A diagnosis of depression at the age of 18 made me more interested in the truth, because that condition is a notorious liar. Depression is not as simple as a dopamine or serotonin deficiency. It is not the same as that infamous broken leg people like to wax lyrical about when trying to explain the validity of depression as a medical condition – “You wouldn’t tell him to walk on a broken leg!” people often say, to clarify that depression entails an incapacity to act rather than an unwillingness. At 18, after years of self-imposed isolation, and a sense of complete desolation and bafflement that stalked me through adolescence, I found myself on a floor; both metaphorical and quite real. My legs might as well have been broken. Besides, they didn’t feel like mine because they did not feel connected to me. I was adrift somewhere in the periphery of my own body. Suspended in a dark, viscous liquid. You don’t need legs when there’s nowhere to go, and you can’t stand up anyway.

How it works

Despite managing it over the years, I don’t fully understand depression, because it is more than just another physical illness. Here is how it works when a person is diagnosed with depression; a condition that is, from the outside, nothing more than an immaterial set of inscrutable behavioural characteristics.

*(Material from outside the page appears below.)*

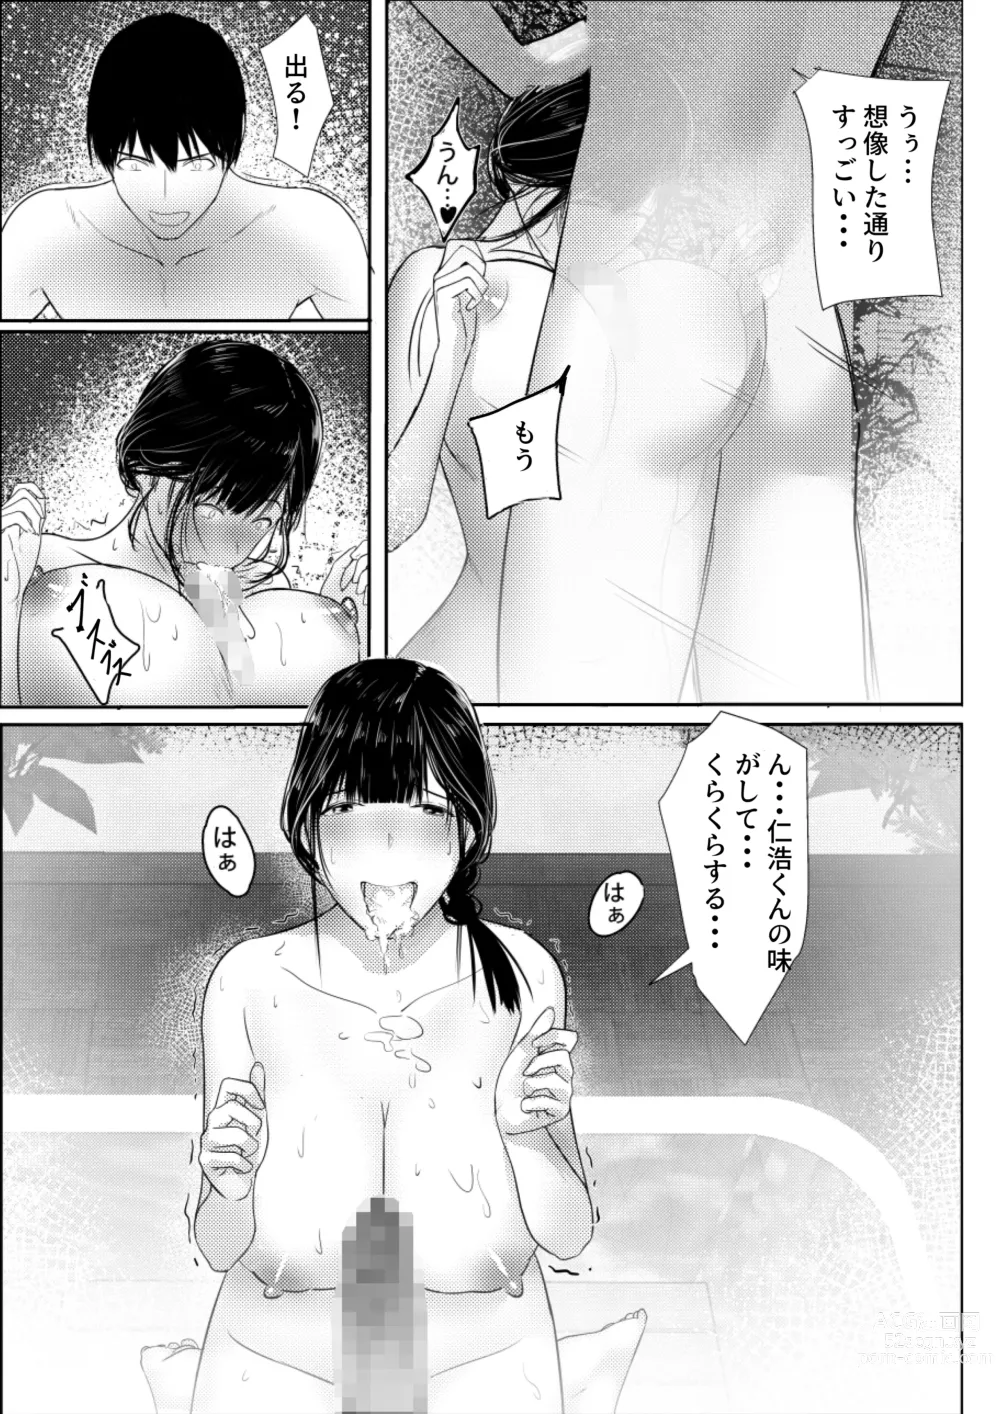 Page 16 of doujinshi Tanoshii Onsen Ryokan

You visit a psychiatrist. They will ask you questions. Based on your answers to those questions, they will determine whether you are clinically depressed. To do this, they will drag out (literally or figuratively) a copy of the fifth edition of the Diagnostic and Statistical Manual of Mental Disorders, and look at the nine listed indicators of depressive disorder. They are things such as “significant weight loss when not dieting or weight gain … or decrease or increase in appetite nearly every day”. And “diminished ability to think or concentrate, or indecisiveness, nearly every day (either by subjective account or as observed by others)”. In order for you to receive a diagnosis of depression, you must have five of the nine symptoms on the list. At least one of them must be either “depressed mood most of the day, nearly every day, as indicated by either subjective report (eg, feels sad, empty, hopeless) or observation made by others (eg, appears tearful). (Note: In children and adolescents, can be irritable mood.)” Or “markedly diminished interest or pleasure in all, or almost all, activities most of the day, nearly every day (as indicated by either subjective account or observation)”.

A label

Those who are unfamiliar with the process generally imagine something more scientific, something more comfortingly substantial and delineated; a litmus test, or a bright light blasted into the retina – anything that might be quantified. The diagnostic test for standard depression is nothing so comforting or clean. It is a visual assessment mostly of self-reported behaviour, and a shot in the dark. It is a label placed upon us, with which we might comfort or strangle ourselves at our own pace.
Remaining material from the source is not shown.